The No Asshole Rule: A Reflection

July 30, 2007, 3:00 pm

As you know if you make a close study of Tenured Radical 2.0 in all of its features, I have been reading Robert I. Sutton’s The No Asshole Rule: Building a Civilized Workplace and Surviving One That Isn’t. And to get to the punchline quickly: you should read it too. It is short, it is well written and Sutton — a professor of management science and engineering at Stanford University — has written a book that nicely bridges the worlds of business and intellectual work.
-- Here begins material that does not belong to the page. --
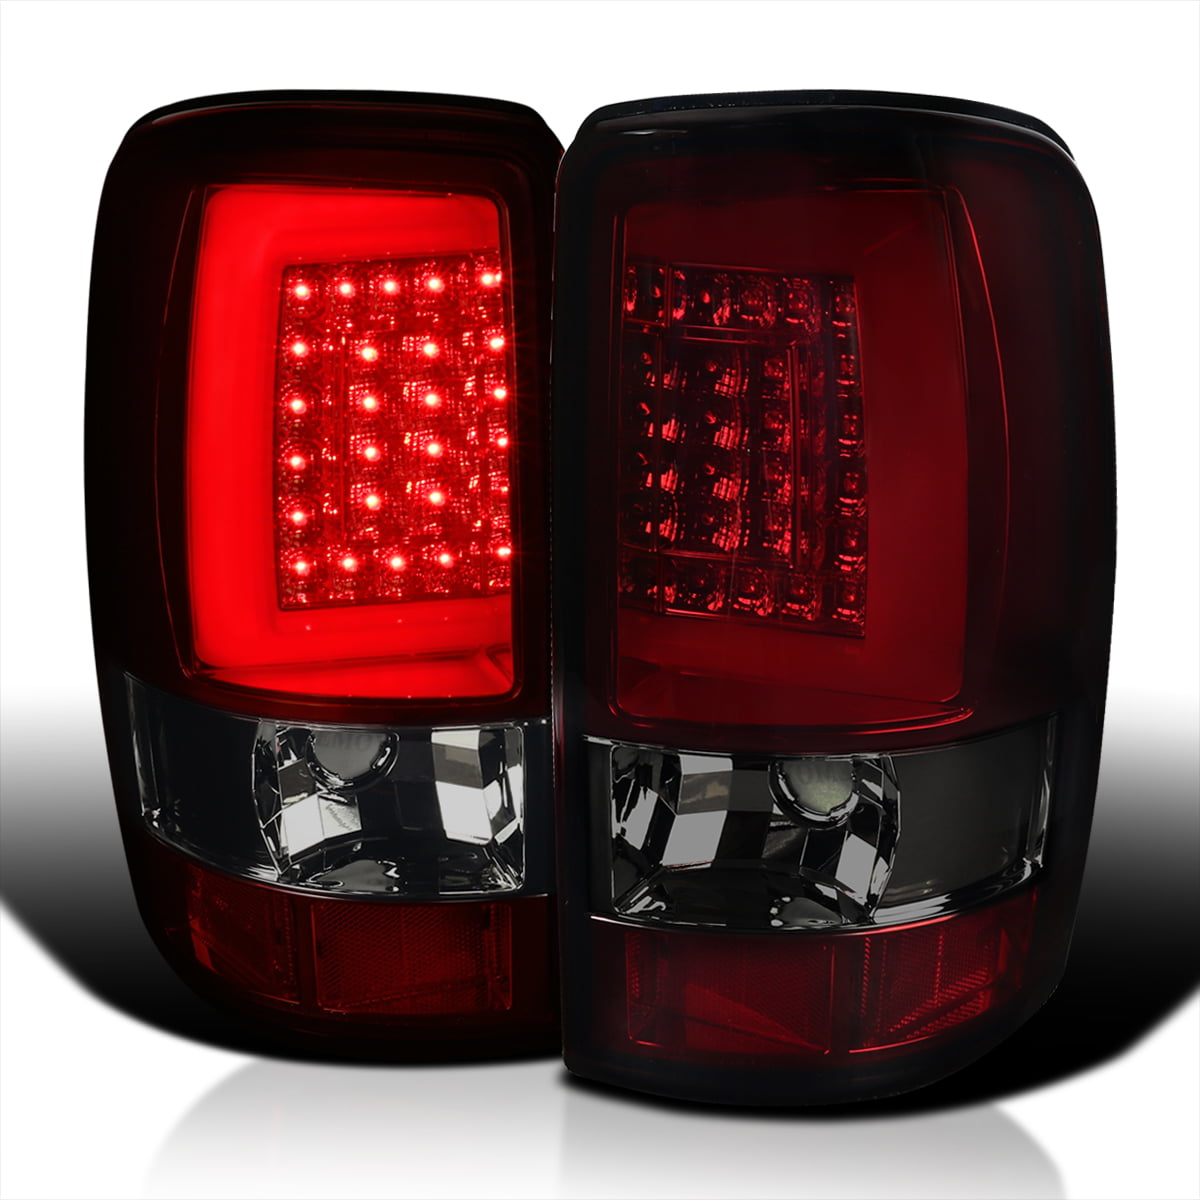 Red Chevy Tahoe GMC Yukon 1500 2500 3500 LED Tail Light Rear Brake Lamps Pair 
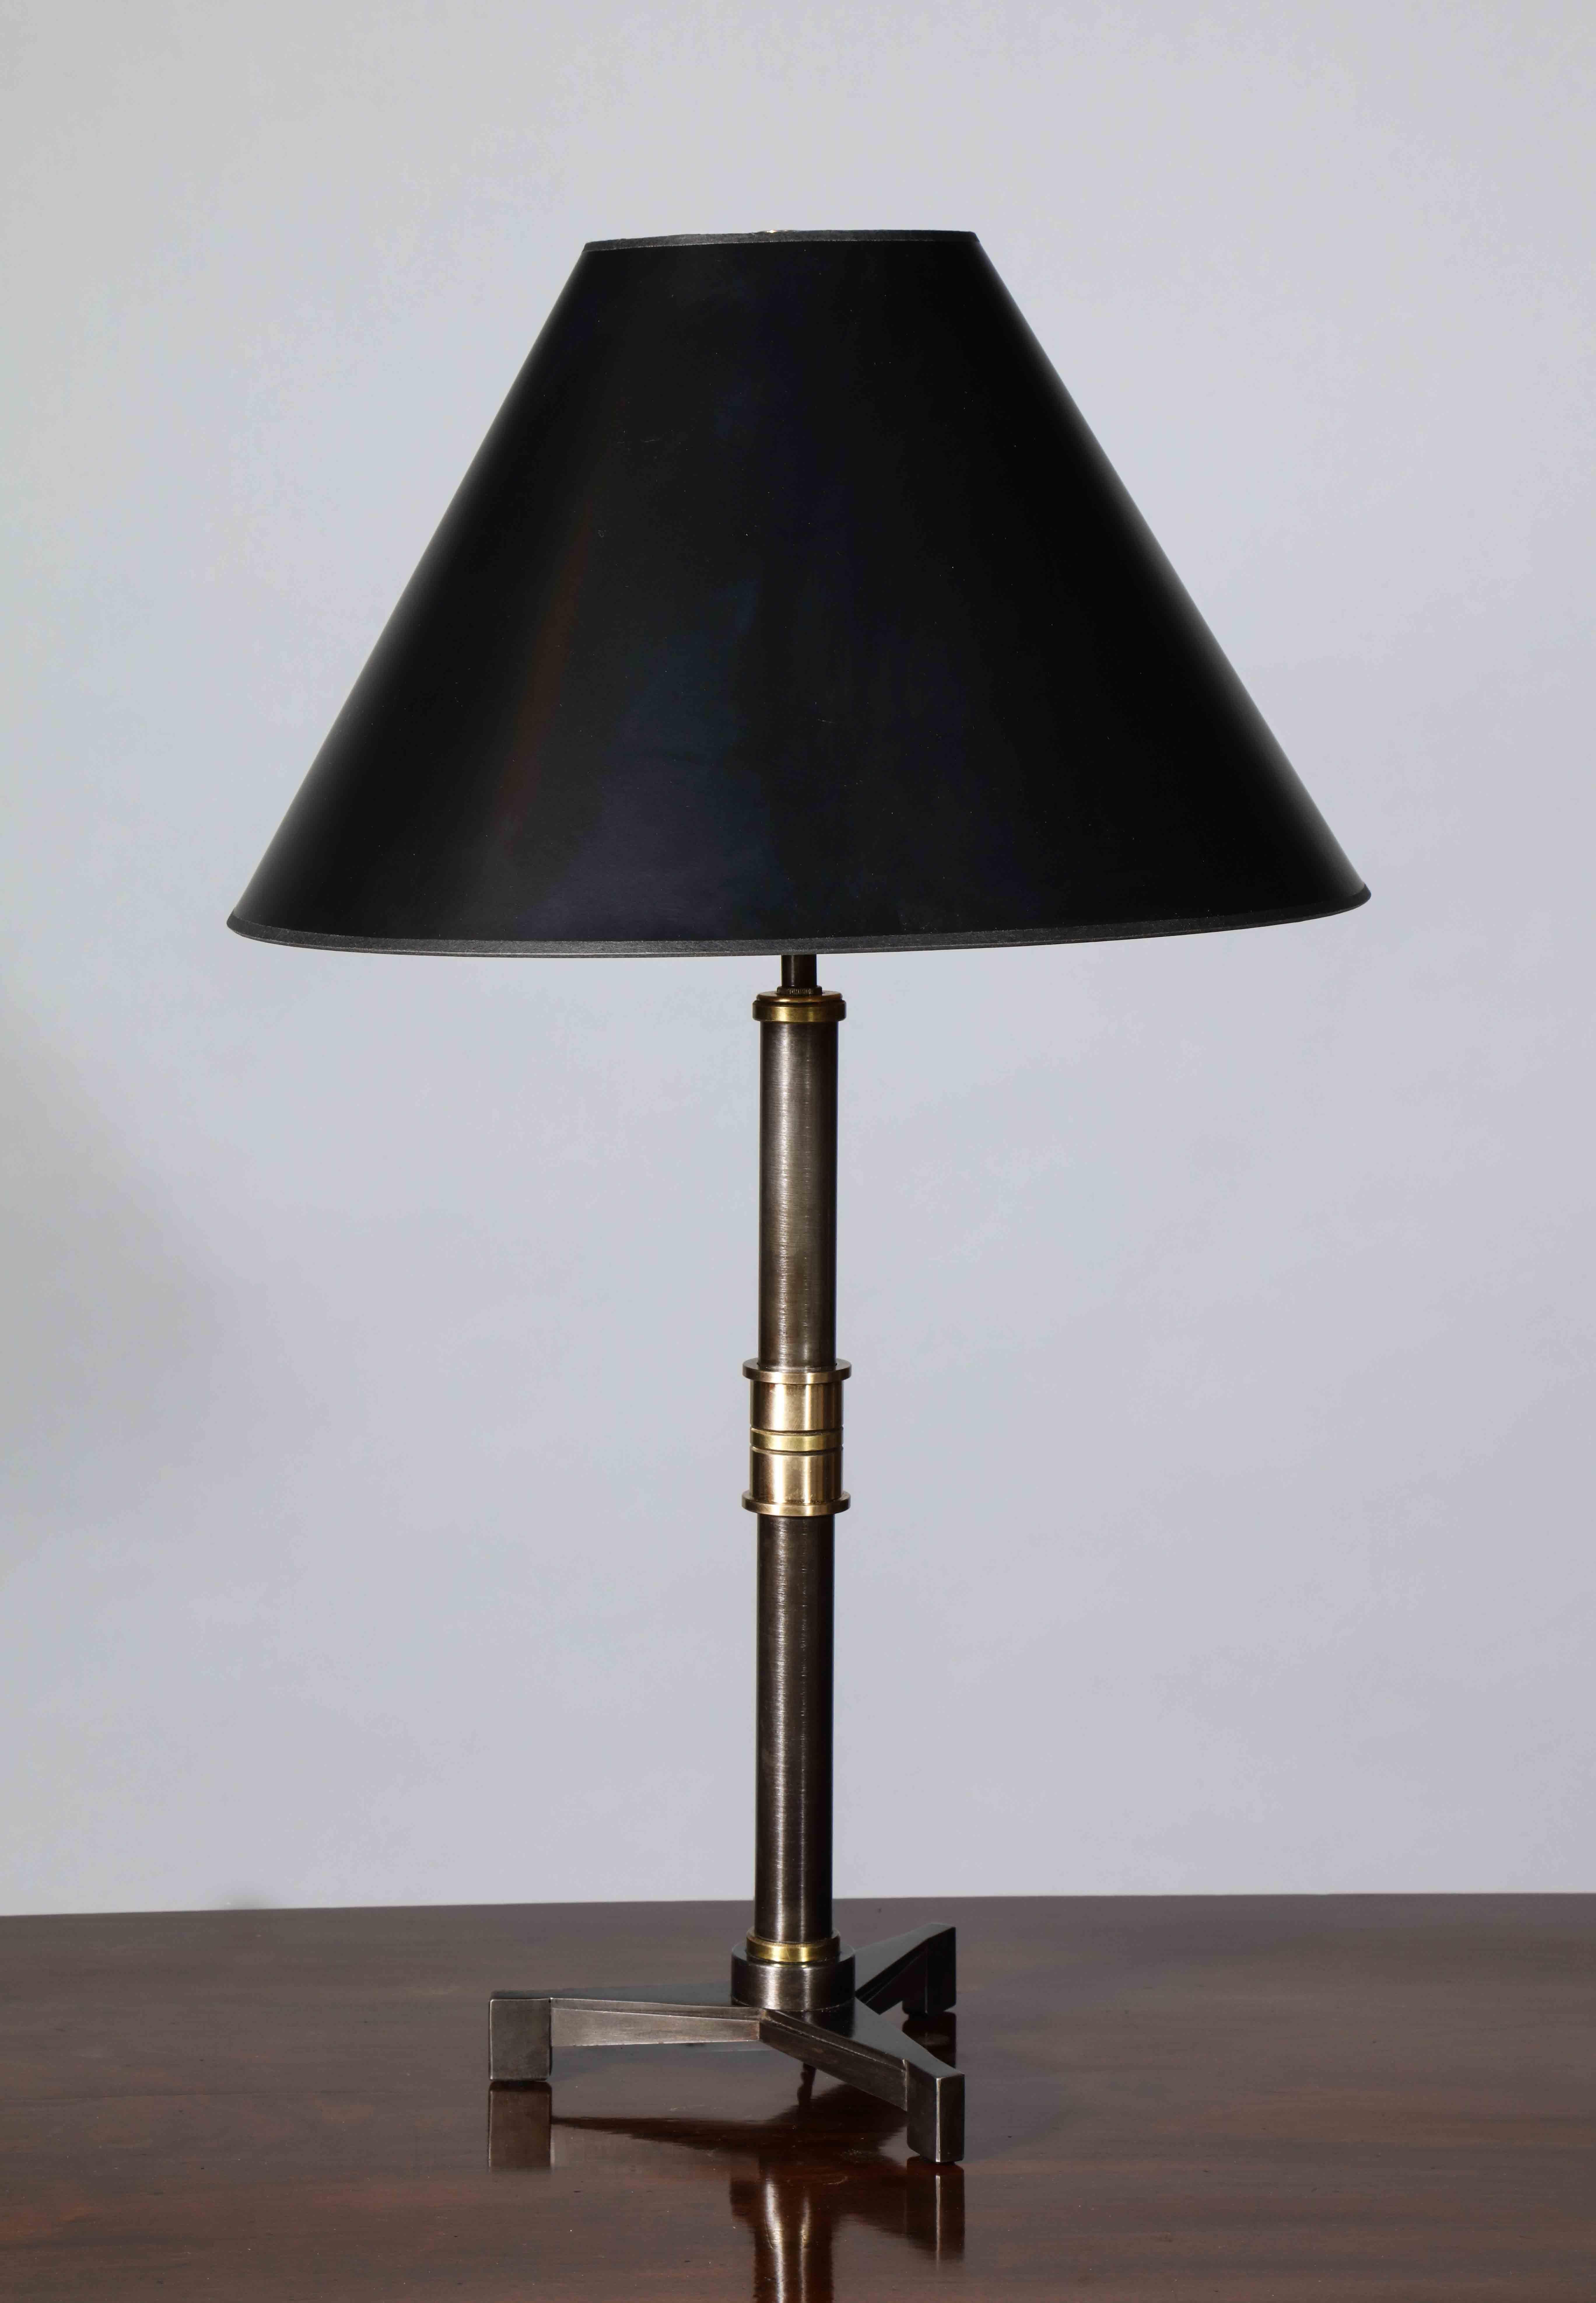 Une lampe de table avec une base à trois pieds présentant des cannelures effilées qui s'inscrivent dans le mouvement art déco. La poignée est réalisée dans une série de bandes de laiton et de bronze subtilement contrastés. Ce design s'inspire

What occasioned my purchase of this book? Well, it doesn’t really matter, does it, because I loved it and I wish something like it had been available to me years ago. I would also say that the bulk of my labor this year will be administrative, and because there is no formal mentoring in this kind of work, I do what I can to learn management techniques, either by observing adminstrators at Zenith closely and seeing why they do or do not succeed, or by reading. This is the point at which the post could sprawl and take all morning but let me give you a few highlights that should get you to read this book, whether you are an administrator or a faculty member, whether you are an administrative assistant, a full professor, a student or a dean.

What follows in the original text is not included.